**Task brief:** Go through the entries below and print, exactly, the lines starting at the one with "Training day 21.04.13" and ending at the one with "the skull halloween", keeping both ends and no others.

**Source data:**
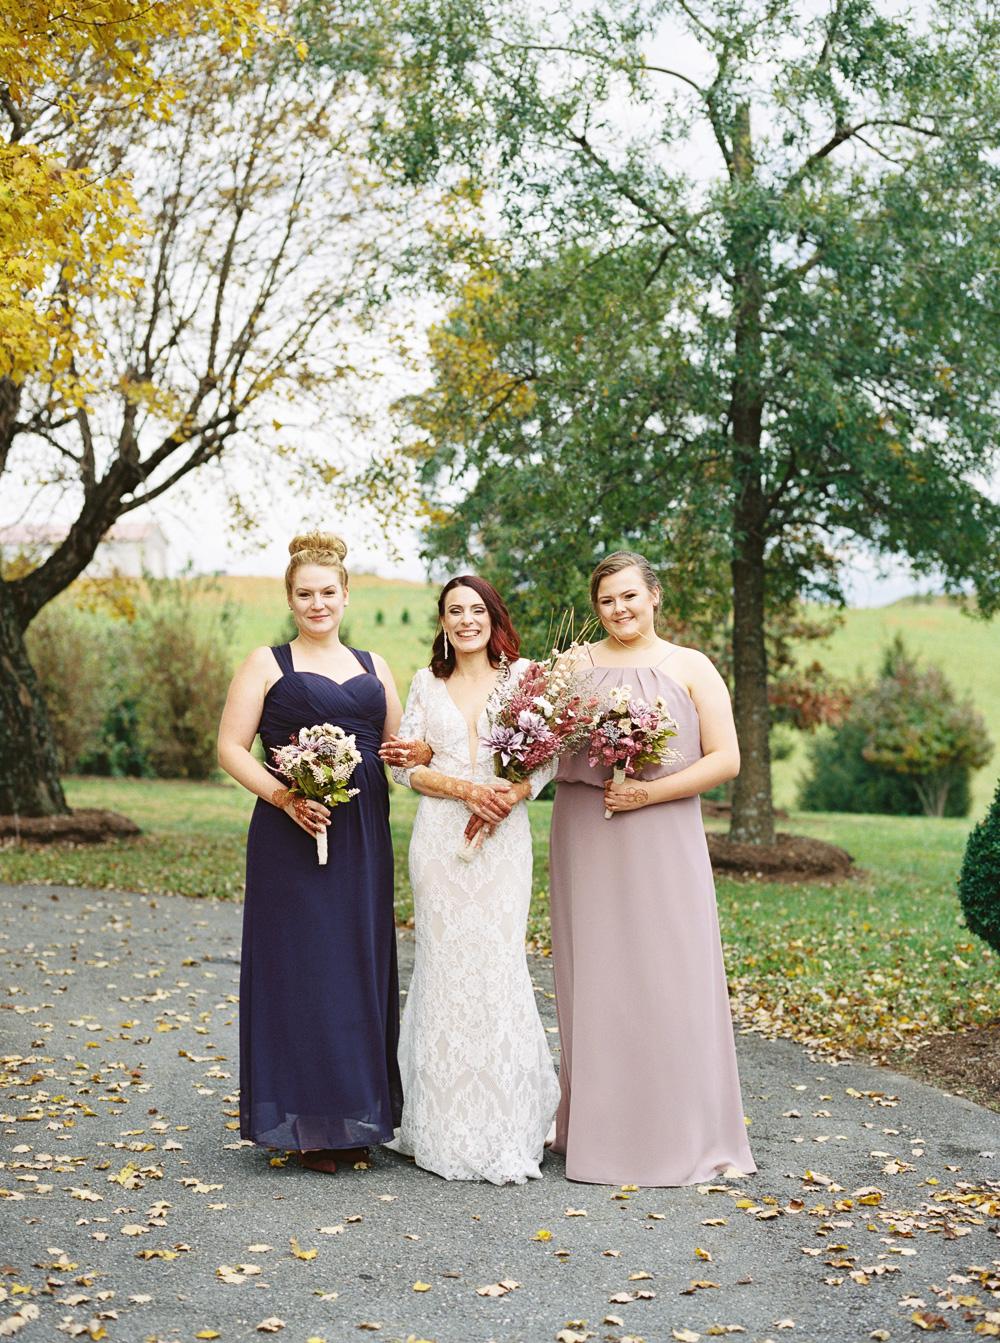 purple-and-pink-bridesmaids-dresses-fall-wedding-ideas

...

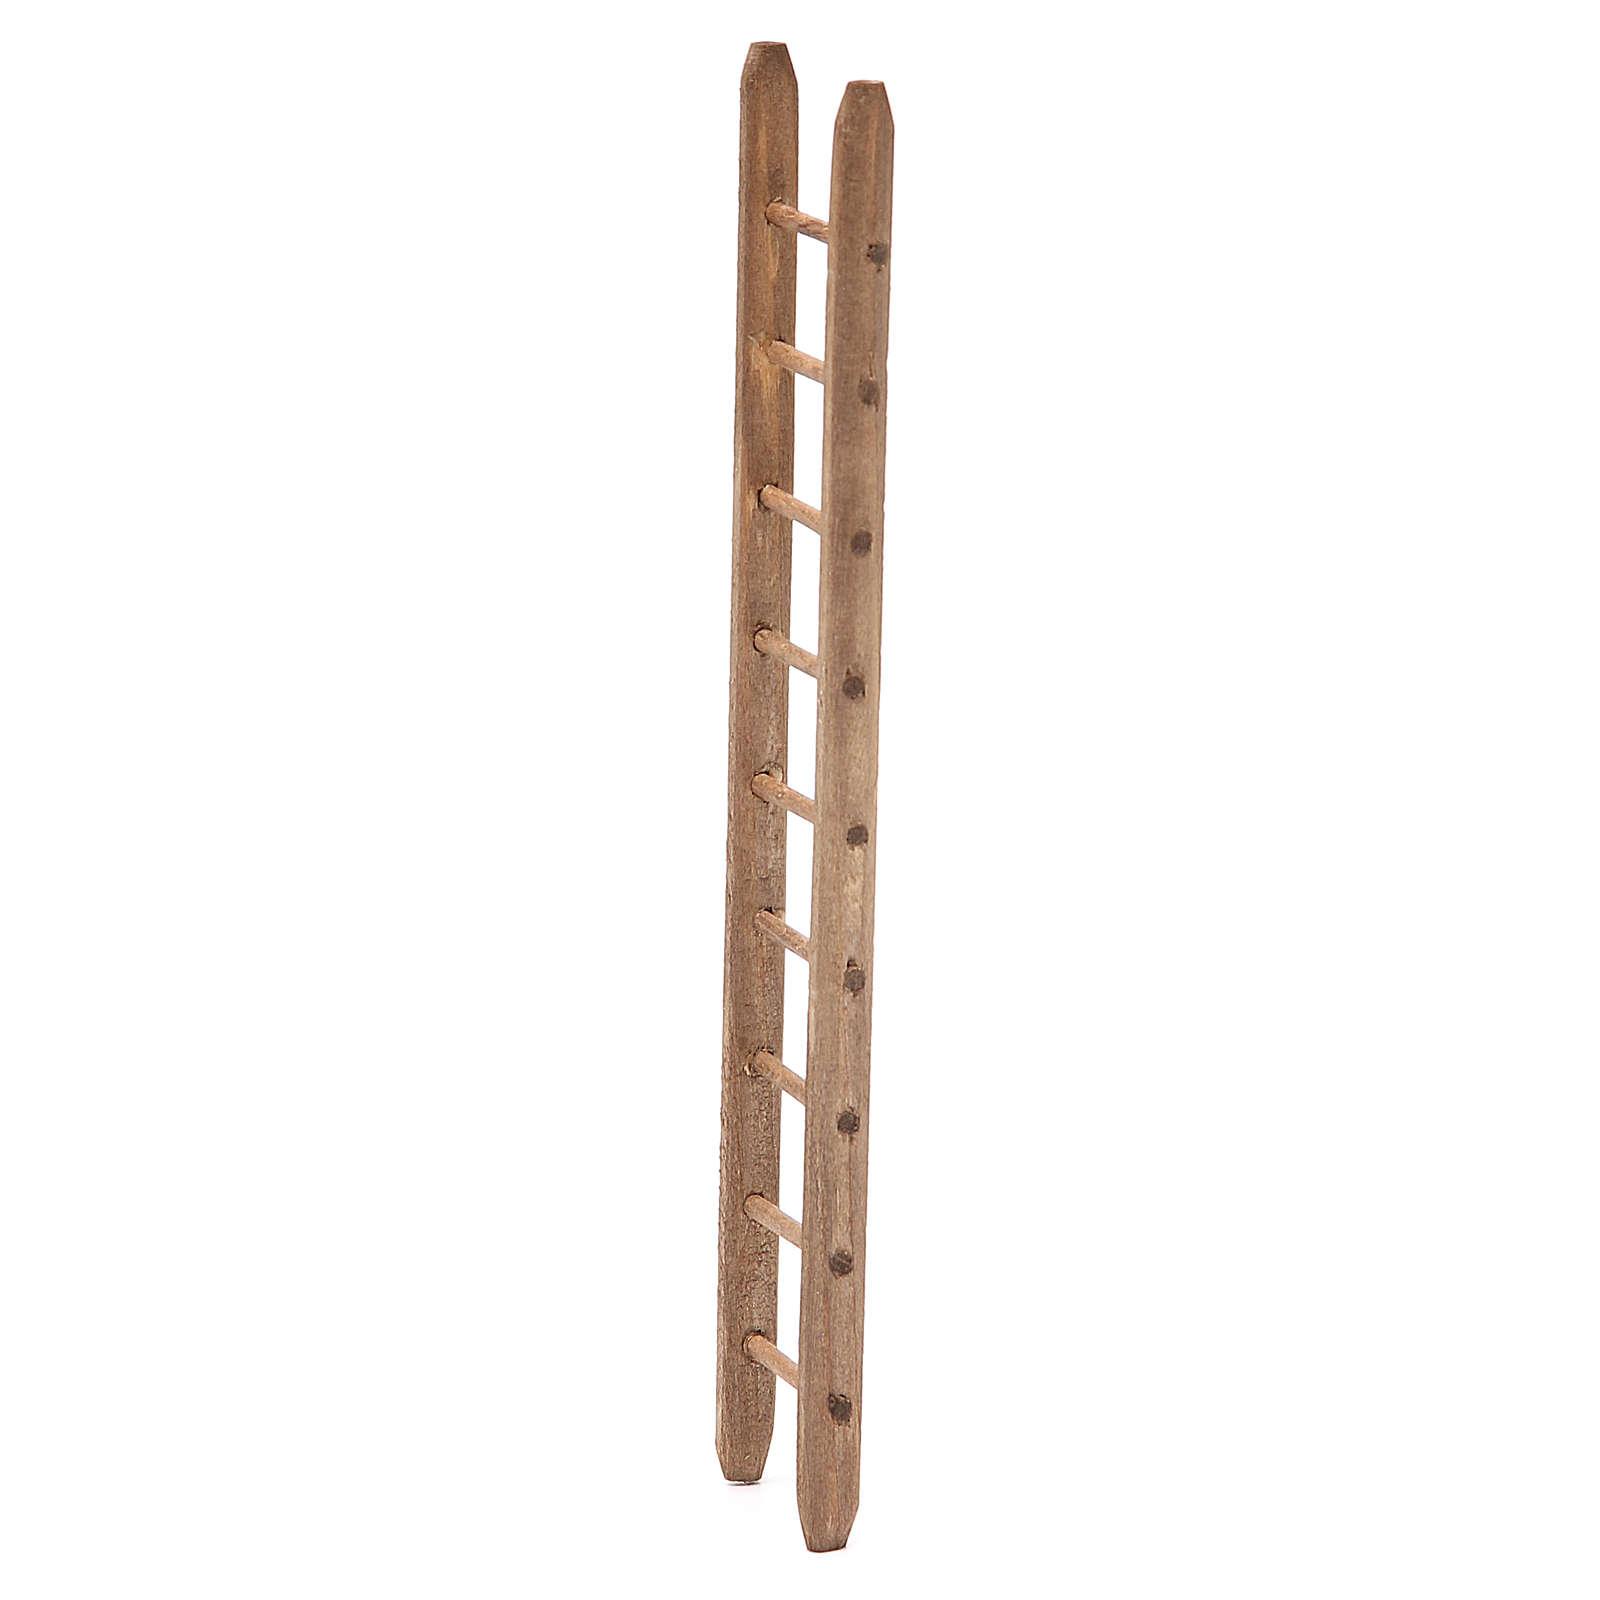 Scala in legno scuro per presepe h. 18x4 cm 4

==

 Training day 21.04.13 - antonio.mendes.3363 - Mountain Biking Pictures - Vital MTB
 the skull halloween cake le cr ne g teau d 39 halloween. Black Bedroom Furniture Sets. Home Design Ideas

**Response to the exercise:**
 Training day 21.04.13 - antonio.mendes.3363 - Mountain Biking Pictures - Vital MTB
 the skull halloween cake le cr ne g teau d 39 halloween. Black Bedroom Furniture Sets. Home Design Ideas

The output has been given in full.